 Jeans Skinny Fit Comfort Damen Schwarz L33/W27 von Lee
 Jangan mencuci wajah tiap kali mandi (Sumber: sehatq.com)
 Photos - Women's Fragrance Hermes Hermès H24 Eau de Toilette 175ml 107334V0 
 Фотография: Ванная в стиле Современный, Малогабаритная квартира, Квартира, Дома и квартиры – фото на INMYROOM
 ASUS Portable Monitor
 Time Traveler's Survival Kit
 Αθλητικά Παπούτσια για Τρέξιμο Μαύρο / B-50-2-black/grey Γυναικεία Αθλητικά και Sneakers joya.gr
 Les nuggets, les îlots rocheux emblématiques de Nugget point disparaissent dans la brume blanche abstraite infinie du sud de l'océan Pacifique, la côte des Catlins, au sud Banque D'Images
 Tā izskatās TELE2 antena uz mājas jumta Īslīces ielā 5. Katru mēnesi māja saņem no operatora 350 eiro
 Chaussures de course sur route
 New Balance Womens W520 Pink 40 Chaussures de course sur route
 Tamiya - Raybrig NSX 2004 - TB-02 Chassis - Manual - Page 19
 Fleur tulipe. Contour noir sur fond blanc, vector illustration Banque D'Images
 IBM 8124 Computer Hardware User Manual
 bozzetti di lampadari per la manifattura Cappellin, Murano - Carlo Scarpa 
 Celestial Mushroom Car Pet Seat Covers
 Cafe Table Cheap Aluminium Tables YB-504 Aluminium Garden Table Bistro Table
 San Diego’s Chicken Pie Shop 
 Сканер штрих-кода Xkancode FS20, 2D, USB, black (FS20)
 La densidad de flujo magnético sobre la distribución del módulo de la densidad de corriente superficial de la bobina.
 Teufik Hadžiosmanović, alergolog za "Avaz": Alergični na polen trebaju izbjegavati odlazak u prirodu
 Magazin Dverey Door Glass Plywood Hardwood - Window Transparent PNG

══════

ABOUT THIS TASK |
The line containing "Time Traveler's Survival Kit" marks the start. Reproduce it and all lines after it through the end of the listing, exactly and alone.

YOUR SOLUTION |
 Time Traveler's Survival Kit
 Αθλητικά Παπούτσια για Τρέξιμο Μαύρο / B-50-2-black/grey Γυναικεία Αθλητικά και Sneakers joya.gr
 Les nuggets, les îlots rocheux emblématiques de Nugget point disparaissent dans la brume blanche abstraite infinie du sud de l'océan Pacifique, la côte des Catlins, au sud Banque D'Images
 Tā izskatās TELE2 antena uz mājas jumta Īslīces ielā 5. Katru mēnesi māja saņem no operatora 350 eiro
 Chaussures de course sur route
 New Balance Womens W520 Pink 40 Chaussures de course sur route
 Tamiya - Raybrig NSX 2004 - TB-02 Chassis - Manual - Page 19
 Fleur tulipe. Contour noir sur fond blanc, vector illustration Banque D'Images
 IBM 8124 Computer Hardware User Manual
 bozzetti di lampadari per la manifattura Cappellin, Murano - Carlo Scarpa 
 Celestial Mushroom Car Pet Seat Covers
 Cafe Table Cheap Aluminium Tables YB-504 Aluminium Garden Table Bistro Table
 San Diego’s Chicken Pie Shop 
 Сканер штрих-кода Xkancode FS20, 2D, USB, black (FS20)
 La densidad de flujo magnético sobre la distribución del módulo de la densidad de corriente superficial de la bobina.
 Teufik Hadžiosmanović, alergolog za "Avaz": Alergični na polen trebaju izbjegavati odlazak u prirodu
 Magazin Dverey Door Glass Plywood Hardwood - Window Transparent PNG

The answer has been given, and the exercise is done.